In the Northern Hemisphere There Is a Significant Excess of Births in May Compared with Those in November. Some external influence appears to operate upon the fetal environment during the northern hemispheric winter months.

There seem to be two questions that one can try to answer on the basis of the data discussed above.

Is MS a Polygenetic Disease with Reduced Penetrance?

Observations from twin, family, and racial studies leave little doubt that there is a genetic component to the etiology of MS (Fig. 1), the risk increasing with genetic similarity; but the mode of inheritance is neither purely recessive, nor dominant or X-linked. That MS is a genetic disease with multiple genes that contribute variably to both phenotype and susceptibility may be close to the truth, but it cannot be the whole truth, since 100% concordance between twins is not observed, thus ruling out any pure Mendelian mechanism.

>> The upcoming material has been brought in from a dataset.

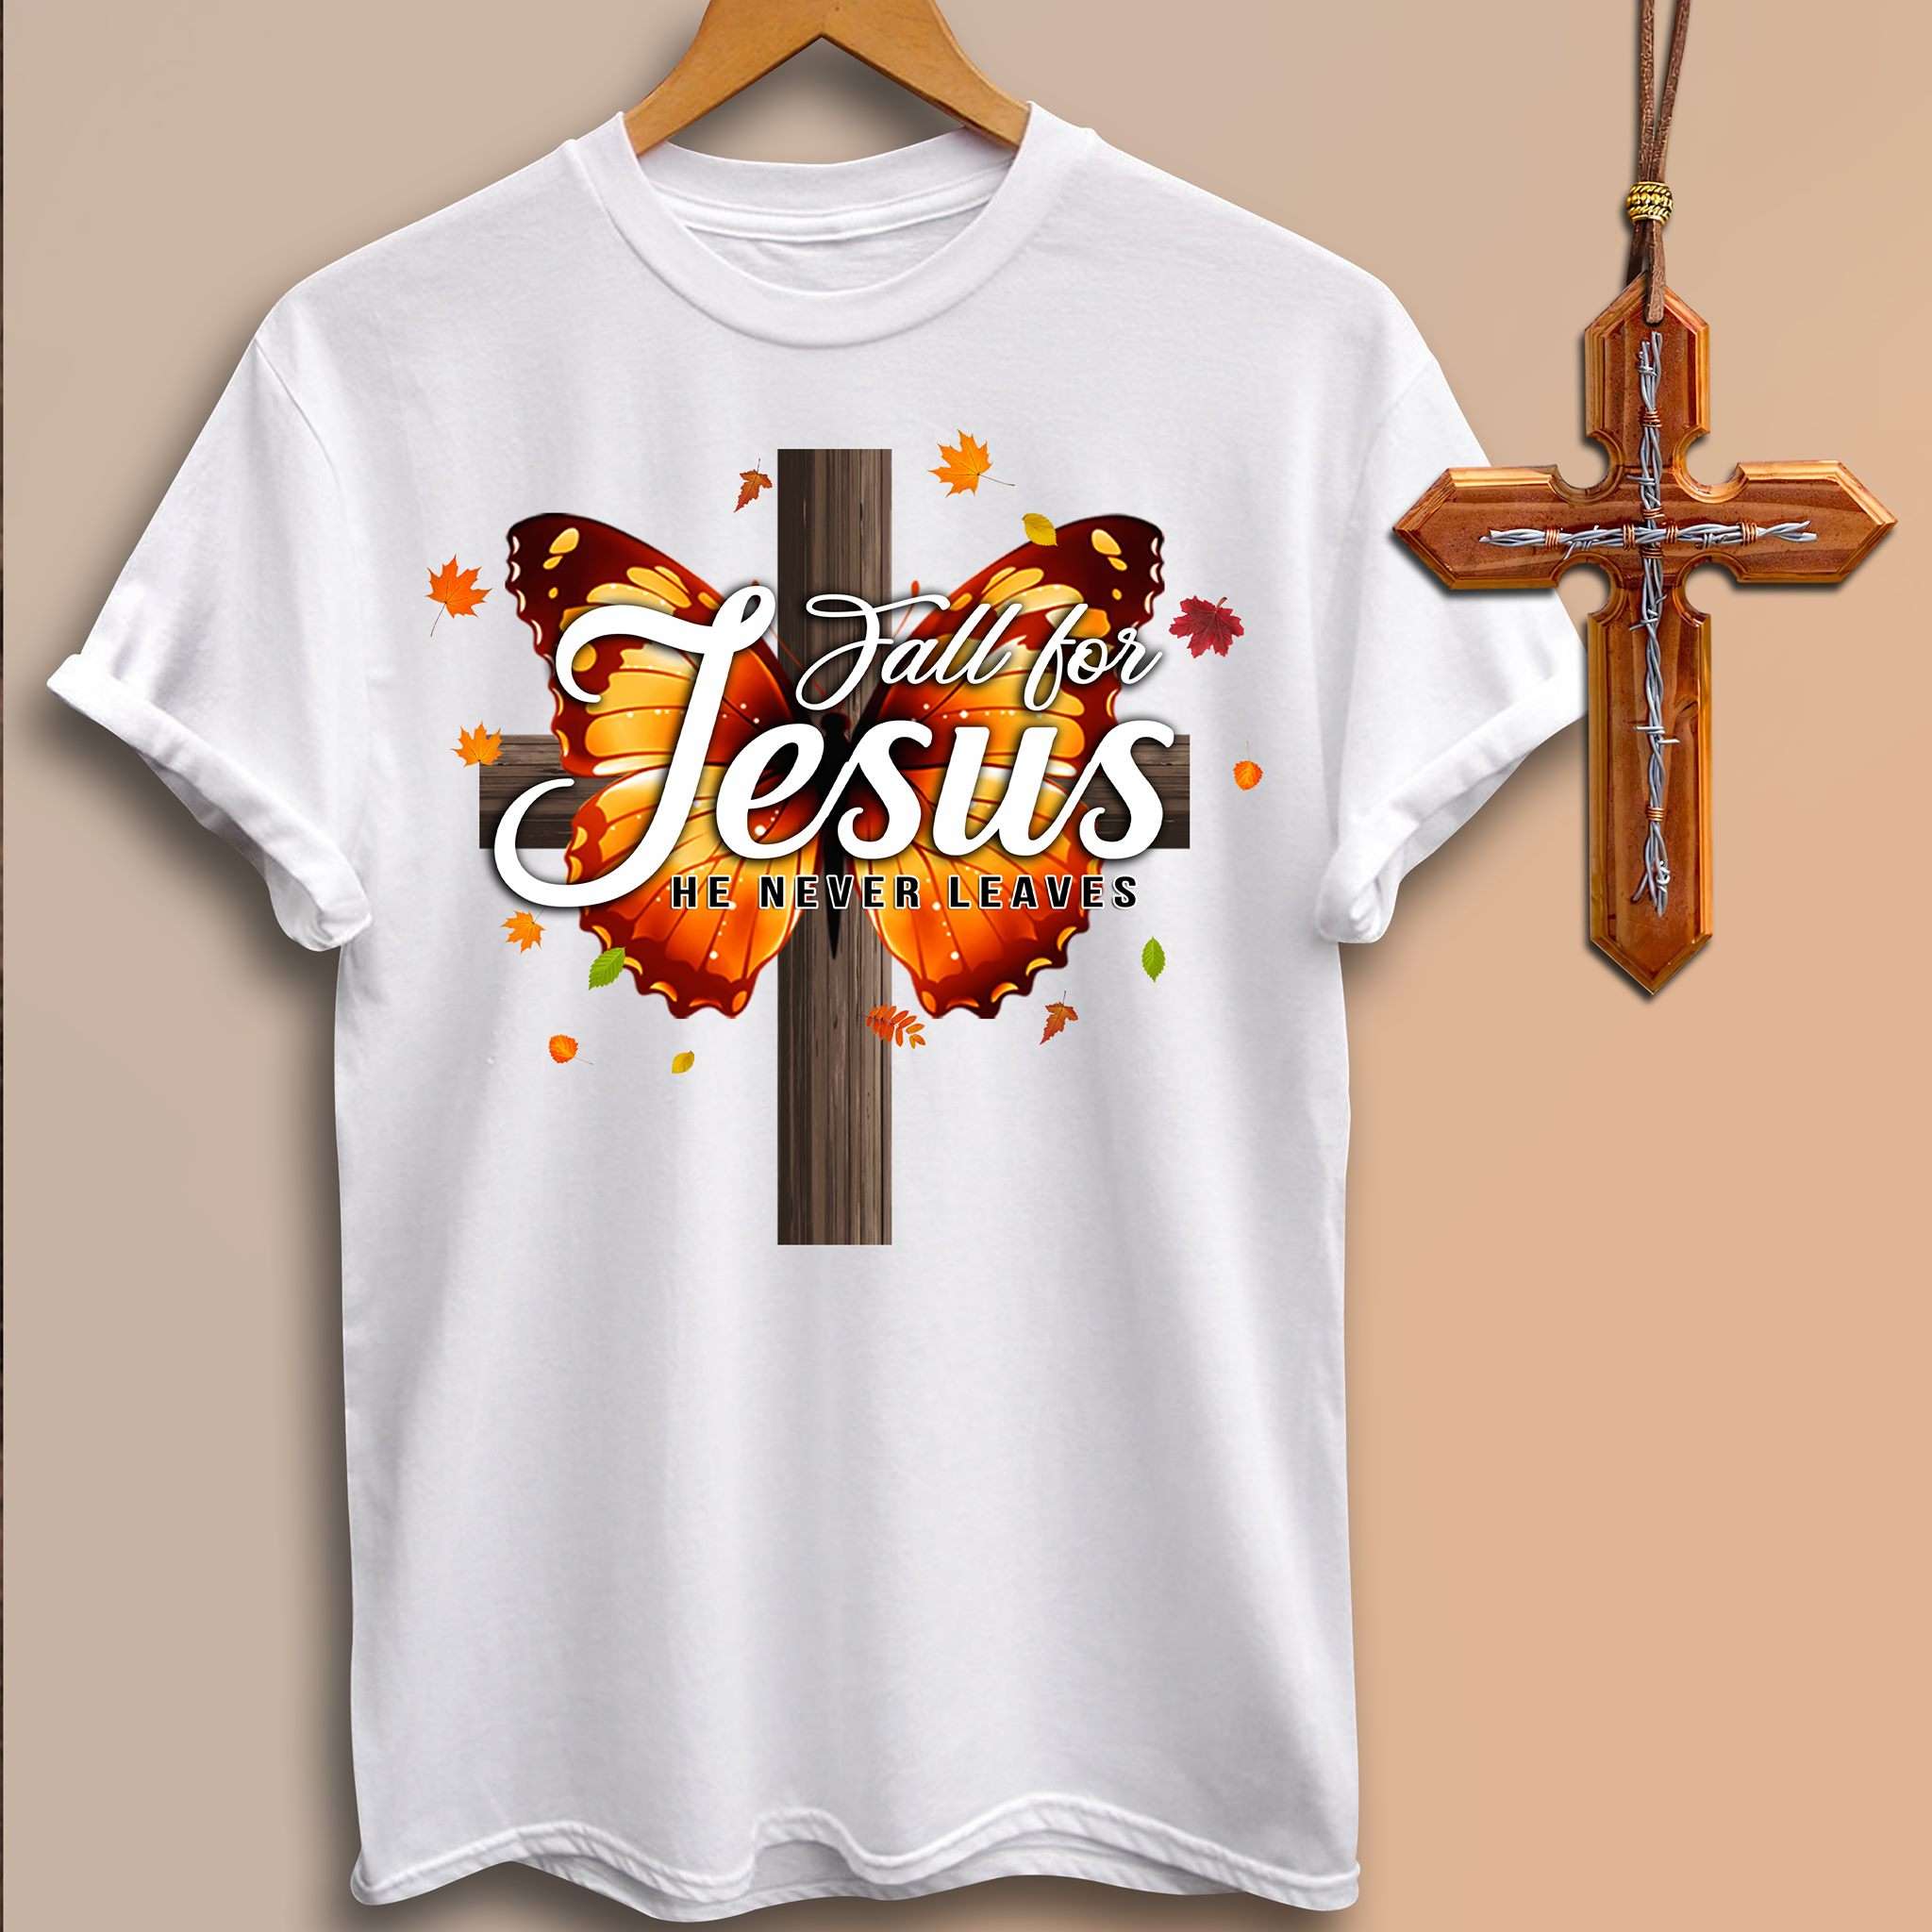 Butterfly God's Cross - Fall for Jesus he never leaves

MS might be a late-onset polygenetic disease with reduced penetrance, but one must search for the cause of the reduced penetrance in the context of the absence of a cost-effective screening method. In order to study penetrance in a family, a reliable means of diagnosis is necessary to make conclusions about the penetrance rate. Usually this is a known gene. However, (new paraclinical contributions to diagnosis notwithstanding) MS is a clinical diagnosis and the nature of any responsible gene or set of genes remains unknown. Therefore, familial studies are biased in two ways at present: subclinical disease is not adequately accounted for, and verifiable genetic markers of disease susceptibility are unavailable.

Even though reduced penetrance is a possible contributing factor, it is difficult to quantify a penetrance rate because of this bias. A molecular/genetic basis for reduced penetrance can arise from variation in the action of gene transcription modifiers which can be strictly genetic (e.g., trinucleotide repeats of varying length of local gene transcription modifiers) but might also include factors that are remotely influenced by action through cell and nuclear membrane receptors. The latter (receptor-influenced) factors suggest a mechanism for external influence, so that environmental factors may indeed influence disease initiation and induction.

In conjunction with observations based on both hormonal and gender influences, a further observation relevant to the effects of environment stands out. Hormones (including vitamin D) are derived from steroids, are lipid soluble molecules, and may act on nuclear membrane receptors. The separate discussions on menarche, vitamin D and related hormone studies above, and variation of MS with birth month, coupled with observed gender differences in both disease course and susceptibility suggest a likely role for hormones in either the induction of the disease or susceptibility to it.

Is MS a Virally-lnduced Autoimmune Disease?

Not mutually exclusive to the polygenetic hypothesis presented above, a viral cause for MS (either as a primary mechanism of neuronal attack or secondary to an induced immune/inflammatory process) has had continued attention for years. While no specific virus nor other infectious agent nor any specific vaccine has been definitively incriminated as a causative factor in MS occurrence or deterioration, an association between infections or other stresses and the unmasking or deterioration of MS has been shown repeatedly. The range of putative causative agents is wide. For disease induction, it is perhaps necessary that repeated exposures to causative agents occur in a certain contextual environment. (Fig. 1). Molecular mimicry via shared epitopes from an unknown viral influence has been suggested as a mechanism for disease induction in purported autoimmune diseases (such as type I diabetes, Hashimoto disease, and MS). Although the classification of MS as an autoimmune disease remains controversial, immune dysregulation has been repeatedly observed and genetics may play a role in susceptibility to immune dysfunction. The simplest explanation might be that such clinical deteriorations represent a nonspecific reaction to an immune or hormonal challenge.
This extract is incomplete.